Repository files navigation

NOTE - this repo manages large files using git lfs. Please install the git lfs client in order to use this repo. Also make sure to run git lfs install once in order to install the global git-lfs hooks for git.

Lantern Cloud

This project contains code and configuration scripts to launch and manage cloud-hosted infrastructure for the Lantern censorship circumvention tool.

At this moment, three types of machines are launched and managed by this project:

  • Chained Proxies: These offer access to the free internet to Lantern users.

  • Cloudmasters, which launches fallback proxies, runs checks on them, and allows to run batch jobs in them (in particular, updating their configuration).

How does it work

Cloudmasters listen for requests to launch, retire, an destroy proxies in a reliable redis queue. Upon serving them, and when necessary, they push their results (e.g., proxy configurations) to redis queues. Currently, the main system interacting with the cloudmasters in this way is the config server.

Salt is used for configuration management. The salt directory in this project contains the configuration for all the machines (you can see which modules apply to which machines in salt/top.sls). The Cloud Master doubles as a Salt Master for launched peers, so they fetch their configuration from it.

Where do servers get their binaries

Binaries for things like our http-proxy and config servers are stored and versioned directly within this lantern_aws repo using git lfs. Binaries are hosted on the Cloudmasters and distributed from there to the servers that need them.
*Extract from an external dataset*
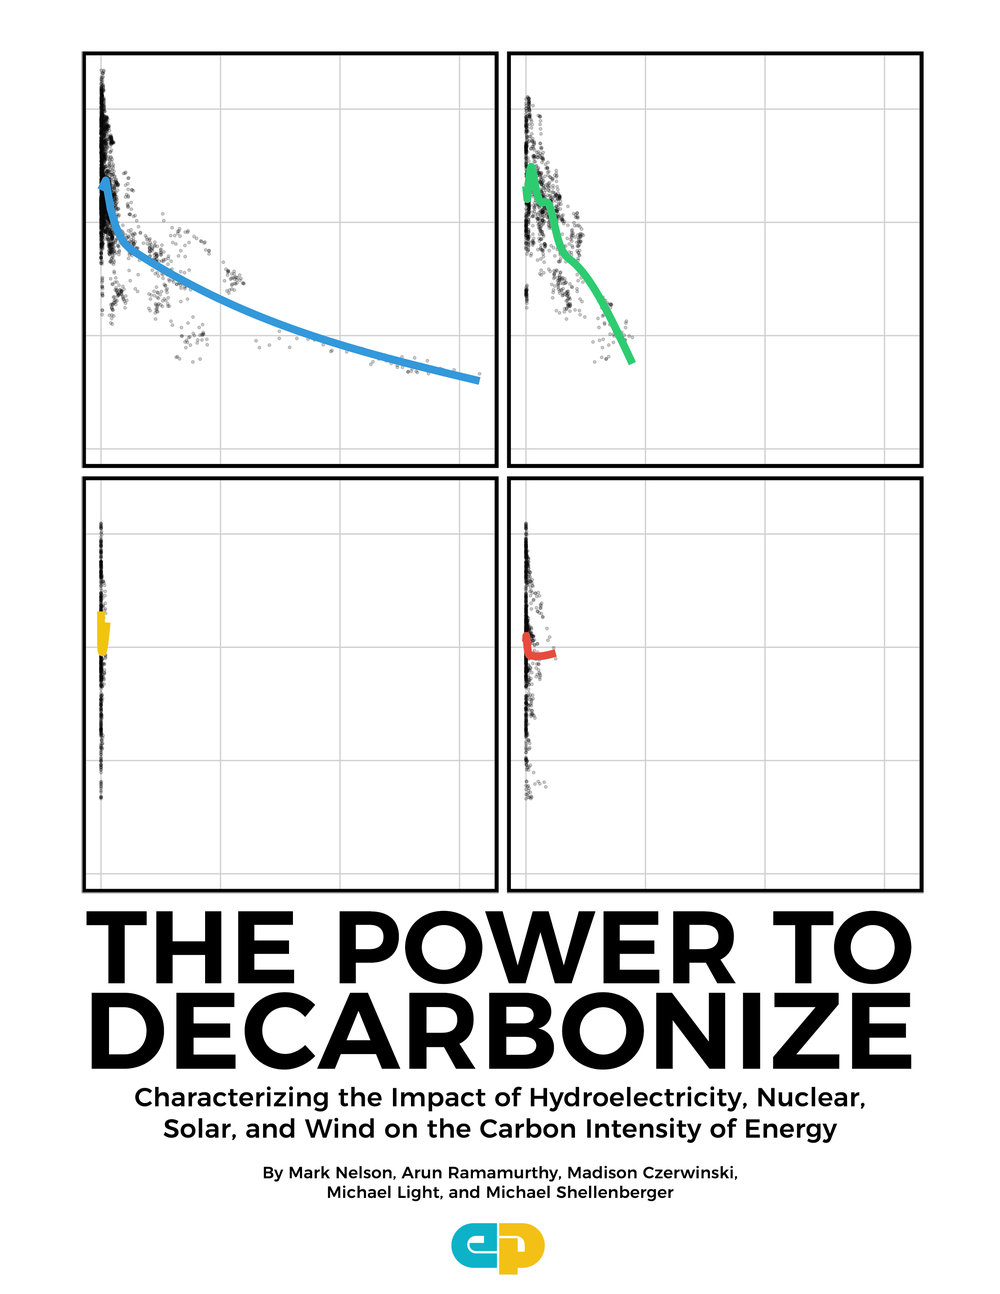 decarbonize-cover-v9.jpg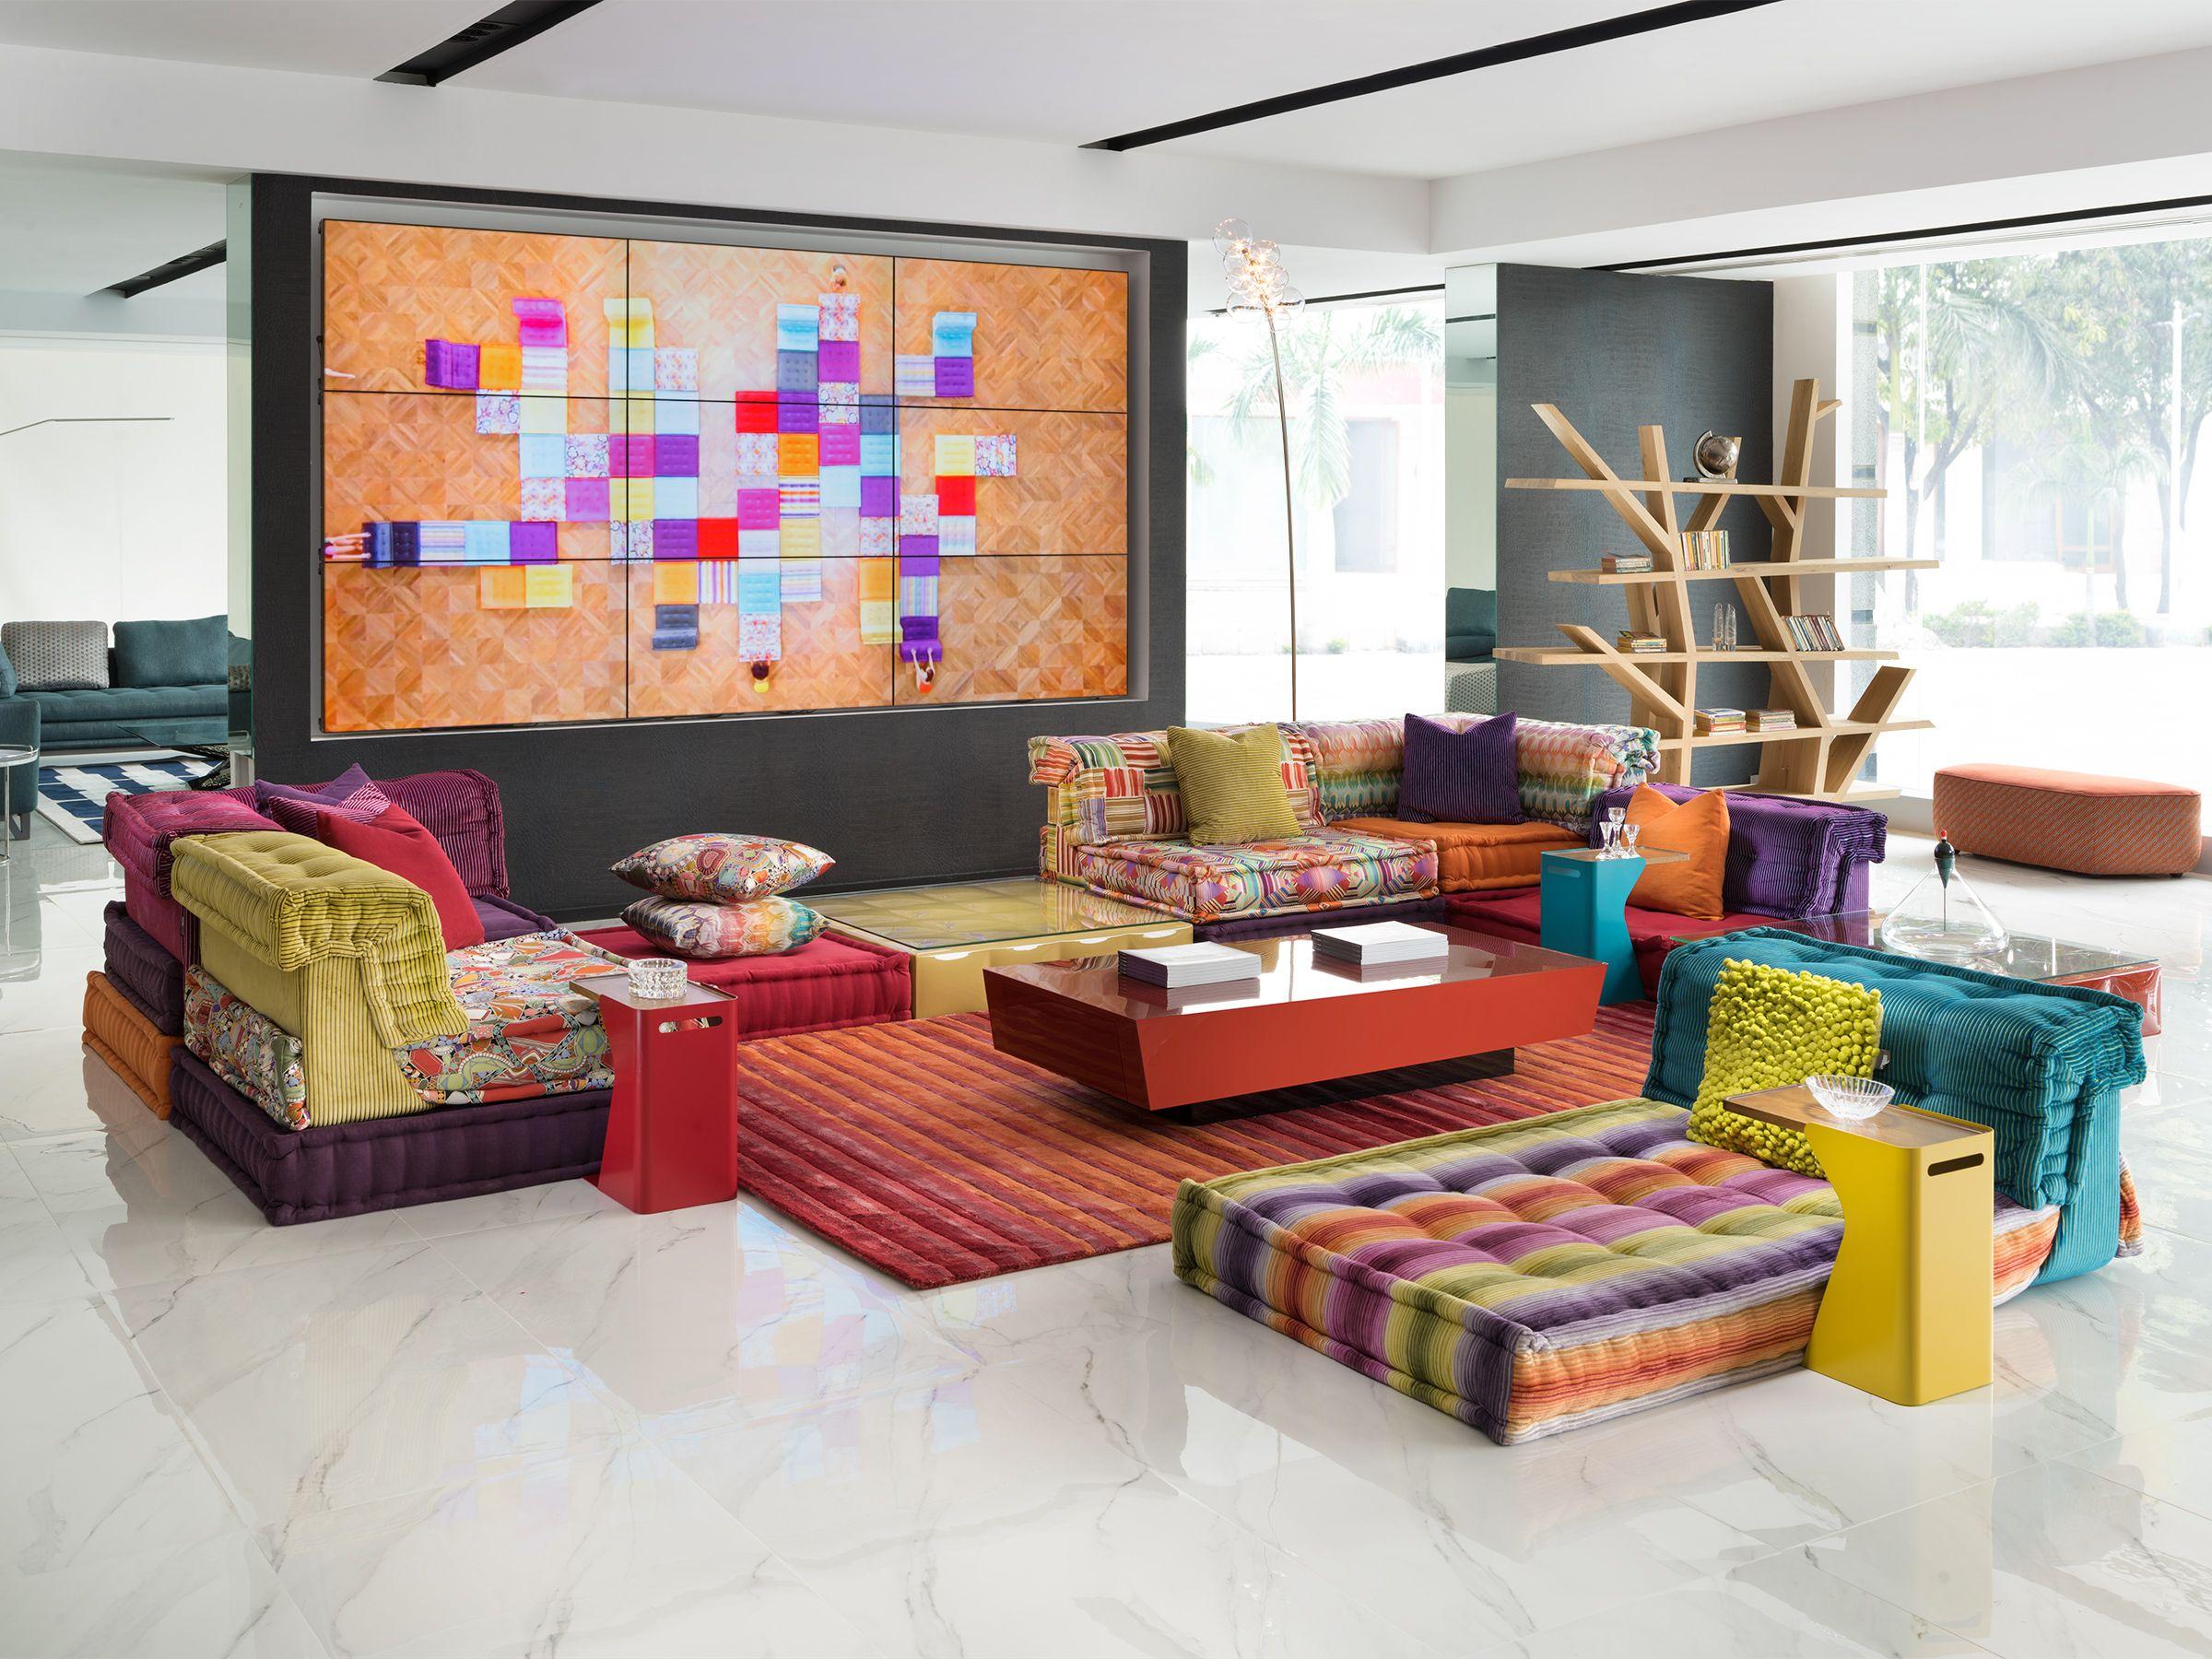 Roche Bobois New Delhi India Mah Jong Sofa Showroom Display

How can I test this stuff?

For small local changes, you can launch your own Cloudmaster per the instructions below, launch your own servers from that Cloudmaster and deploy uncommitted code directly to your test environment.

Staging

The whole team shares a staging environment with its own set of Cloudmasters like cm-donyc3staging. For bigger changes, it's a good idea to deploy those to staging first. To do that, simply merge your configuration changes into the staging branch and also add any preview builds of your binaries to this branch. Then, deploy from that branch using the usual bin/update.py script.

Redis

Production and staging both have a pair of Redis servers. At any given time, only one member of each pair is acting as the master that serves requests from clients, while the other acts as a read-only slave replica.

Production Redis

  • redis-donyc3-001 - Currently master
  • redis-donyc2-002 - Currently slave

Staging Redis

  • redis-donyc3staging-001 - Currently master
  • redis-donyc3staging-002 - Currently slave

Usage

Before you start

Install required packages to run the script that launches cloud masters and other util scripts.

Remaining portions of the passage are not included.